Энвера, предводителя банды албанцев, успевшей прославиться своими проделками, знали во всех третьеразрядных кабаках городка. Бежавшие из нищей, опустошенной войной и мятежами страны, албанцы, оказавшись за границей, сбивались в стаи, занимавшиеся преступным промыслом, или нищенствовали. О проделках парней из банды Энвера на побережье говорили часто, но полиции никак не удавалось прищемить хвост звероподобному ублюдку, распугивающему своим видом туристов.
У албанца имелся вид на жительство, а на месте преступления Энвера застать никогда не удавалось. Внедрить же осведомителей в замкнутую среду албанской общины было невозможно. Соплеменников они не выдавали. Редких предателей быстро вычисляли и карали со средневековой жестокостью, насыпая в выпотрошенную брюшную полость сексота песок или груды камней.
Лапа албанца, имевшего репутацию похуже, чем у людоеда, скользнула вниз и сжала мошонку ханыги.
– Бамбино, я приготовлю омлет из сырых яиц… твоих яиц, бамбино, если ты не скажешь, чего хотел русский!
Второй знакомец Анатолия, смекалистый малый, ощутив кожей холодную сталь ножа в районе своей печенки, быстро выложил условия предложенного контракта.
Слежку за пожилой четой Энвер установил давно, выделив этих не считающих денег русских из общей массы туристов. Средний по европейским меркам курорт на адриатическом побережье Италии редко посещали богачи такого класса. Вычислить их не представляло особого труда, и в конце концов у Энвера созрел план нанести визит на яхту. Дело в долгий ящик албанцы откладывать не стали.
Сведения, полученные от пьянчужки, несколько смутили главаря албанцев своей невразумительной причудливостью. Но, рассудив, что у богатых свои причуды и инсценировка нападения нужна, чтобы развеять скуку и пощекотать нервы супруге, Энвер постановил подняться сегодняшним вечером на борт яхты. Расклад выпадал удачный. Карта сама шла в руки, и партия казалась беспроигрышной.
Несостоявшихся артистов албанцы вывели на задворки, оглушили, ударив по затылкам кожаным мешочком, наполненным мелким песком, и запаковали в мусорные контейнеры отдыхать до утра. Затем Энвер дождался шустрого пацанчика, приставленного неотступно следить за телохранителем русского миллионера.
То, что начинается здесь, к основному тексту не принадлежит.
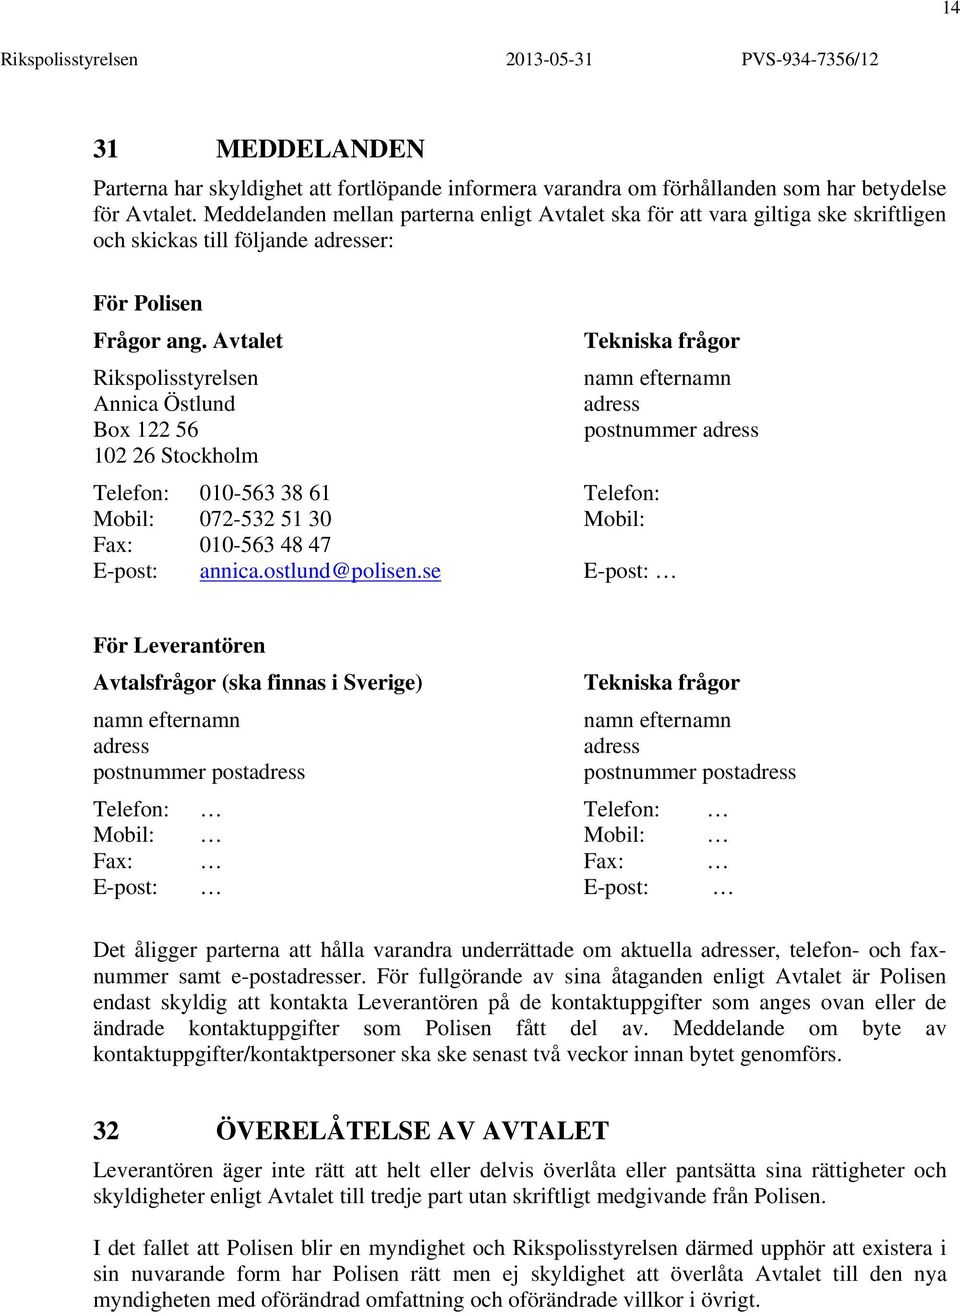 Avtalet Tekniska frågor Rikspolisstyrelsen namn efternamn Annica Östlund adress Box 122 56 postnummer adress 102 26 Stockholm Telefon: 010-563 38 61 Telefon: Mobil: 072-532 51 30 Mobil: Fax: 010-563
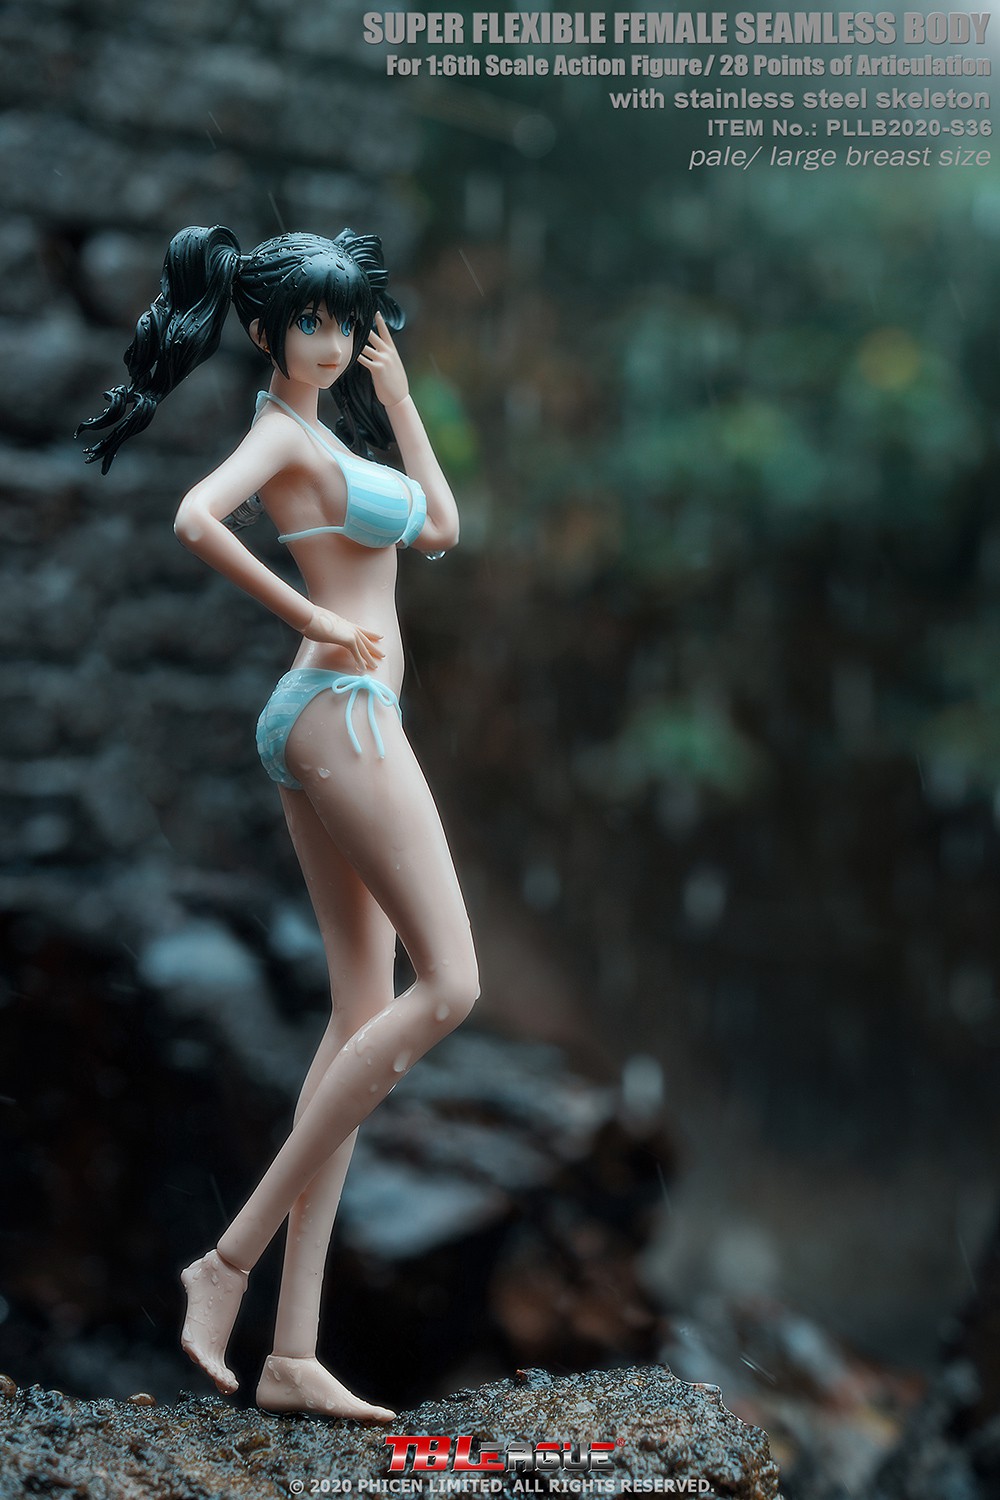 tbleague - NEW PRODUCT: TBLeague: 1/6 girl anime S36 / S37 "small waist fine" body 17191810

Замызганный подросток доложил главарю банды, что русский играет в пляжный волейбол с девками.
– Не позже одиннадцати поднимаемся на яхту! – распорядился Энвер, уверенный в успехе операции. – Телохранителя вырубим на пристани, когда он придет итальяшек к шефу на представление отправлять.
Приложившись к прихваченной из бара бутылке, вожак стаи выпил за успех предстоящего налета, поделившись вином с небритыми сообщниками.
До начала операции оставалось не так уж много времени.
К яхте налетчики подошли тихо, на веслах, с соблюдением всех мер предосторожности. Бесшумно поднялись на борт в иссиня-густых сумерках наступающей южной ночи. Палуба, сработанная из дорогих пород дерева, приглушила их шаги.
Святой находился в машинном отделении. Хозяин судна попросил его осмотреть дизель – механическое сердце двухмачтовой красавицы. Особой нужды в этой процедуре не было. Двигатель, собранный на заводах «Мерседеса», работал как часы, обеспечивая яхте крейсерскую скорость до тридцати узлов, и был уже опробован в деле.